We were joined by a bunch of friends, and we sat around singing and playing music. After a while, we played and sang Mary Ellen Carter . I can’t paraphrase it, so I won’t even try. It is a song that has saved many people in danger physically and/or emotionally, inspiring us to “rise again.” C told us about a time that this song had saved him. He was lying in bed in a Veterans’ Hospital, nearly out of his mind in pain. His hip had been shattered when his jeep was hit by enemy fire in Vietnam. (It took some serious surgery to replace most of his hip with plastic.) The hospital staff wasn’t paying much attention to him. They acted like he was a drug addict when he asked for painkillers. C thought of Mary Ellen Carter and raised hell until the staff took care of him. They gave him painkillers and they performed surgery. After hearing this, I hugged C again.
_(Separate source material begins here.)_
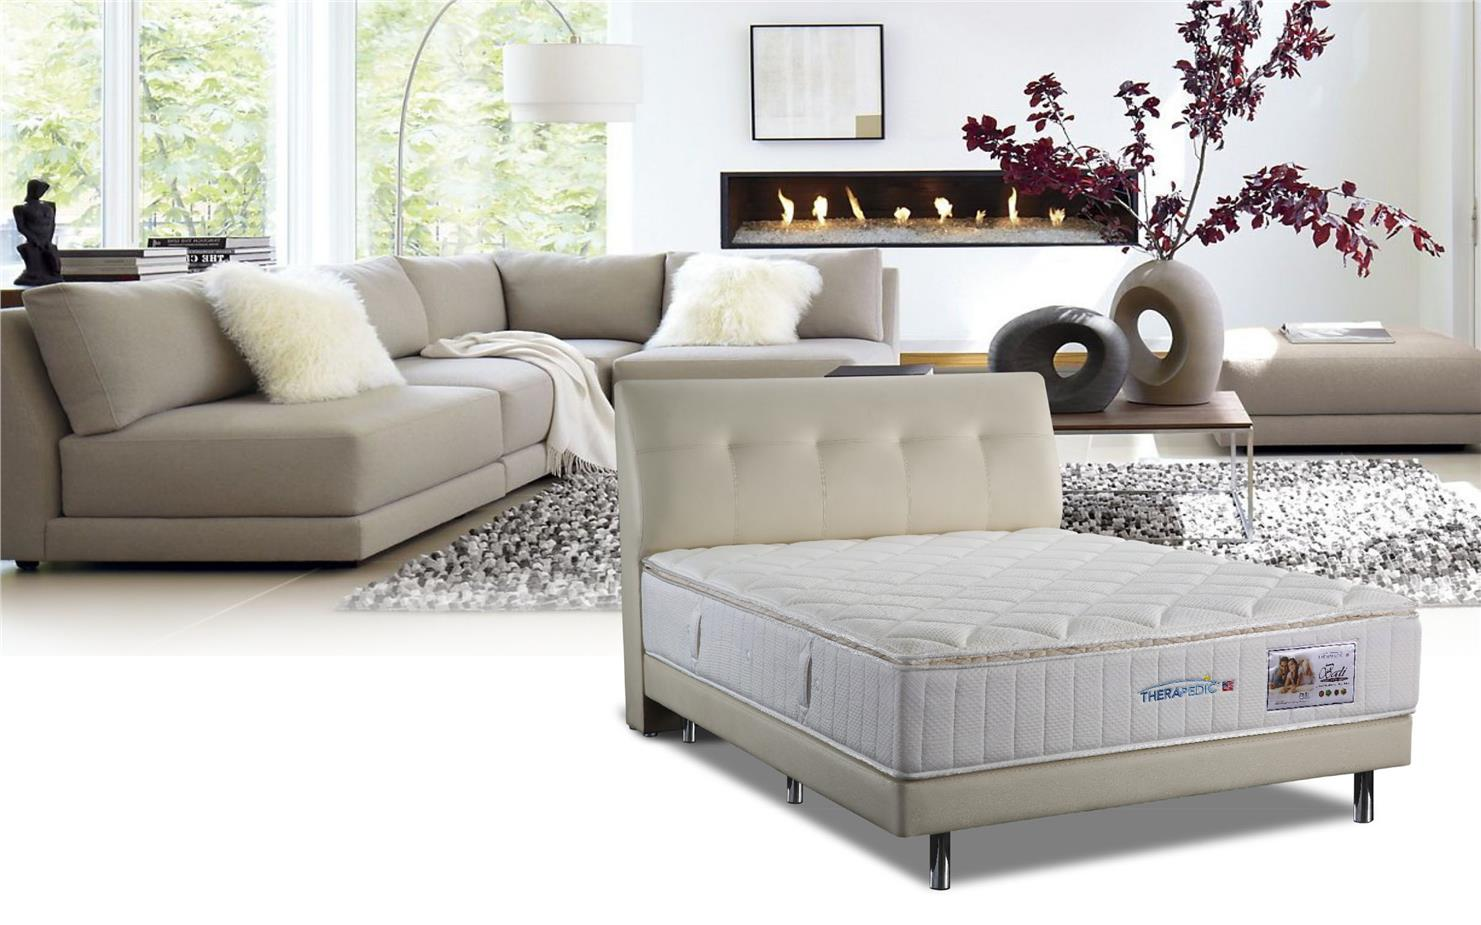 bali 5u0027 queen size aerofoam therapedic pocket spring mattress tilam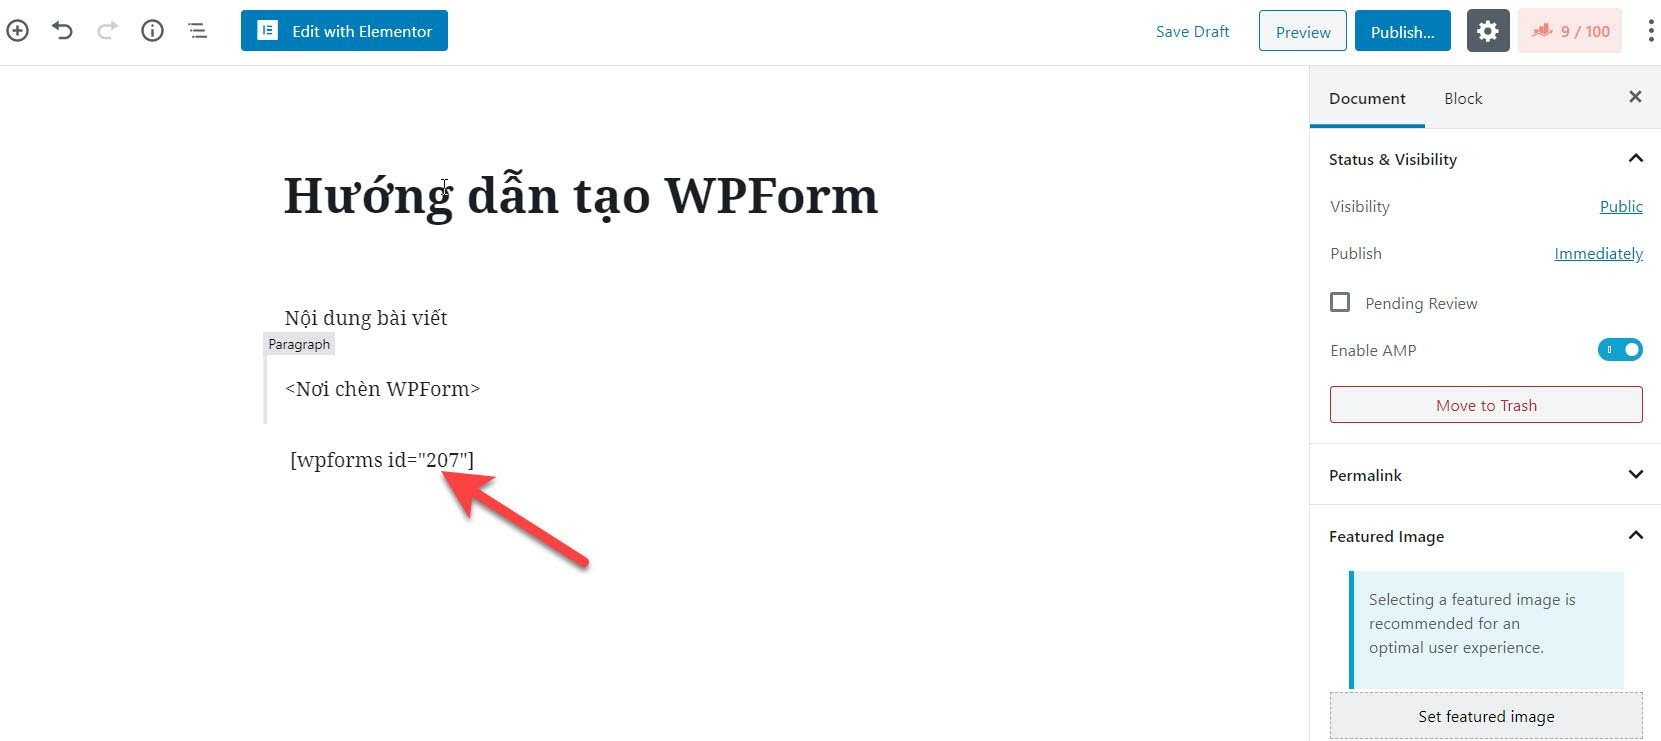 Chen WPForm vao bai viet tren WP

We played and sang some more, and someone started playing Ashokan Farewell. I normally don’t like this song, but after C talked about it, I did. C told us that his father was buried with full military honors at the National Cemetery near Washington DC. This cemetery arouses great pride and respect in so many Americans. Many of our national heroes, from JFK to the Unknown Soldier, are buried there. C was a pallbearer and so was his grandson. During the procession, music was provided by one fiddler playing Ashokan Farewell. Everyone was so moved. They were used to hearing Taps and other honorific songs played by brass instruments, but no one – certainly not a fiddler – had played Ashokan Farewell. The troops were teary-eyed, and the officer in charge told them to slacken. When C finished his story, someone said, “Let’s play that again, this time with just the string section.” The string section consisted of one violist and two fiddlers, including me. We played it, and, I must say, we sounded good. Then I got up and hugged C again.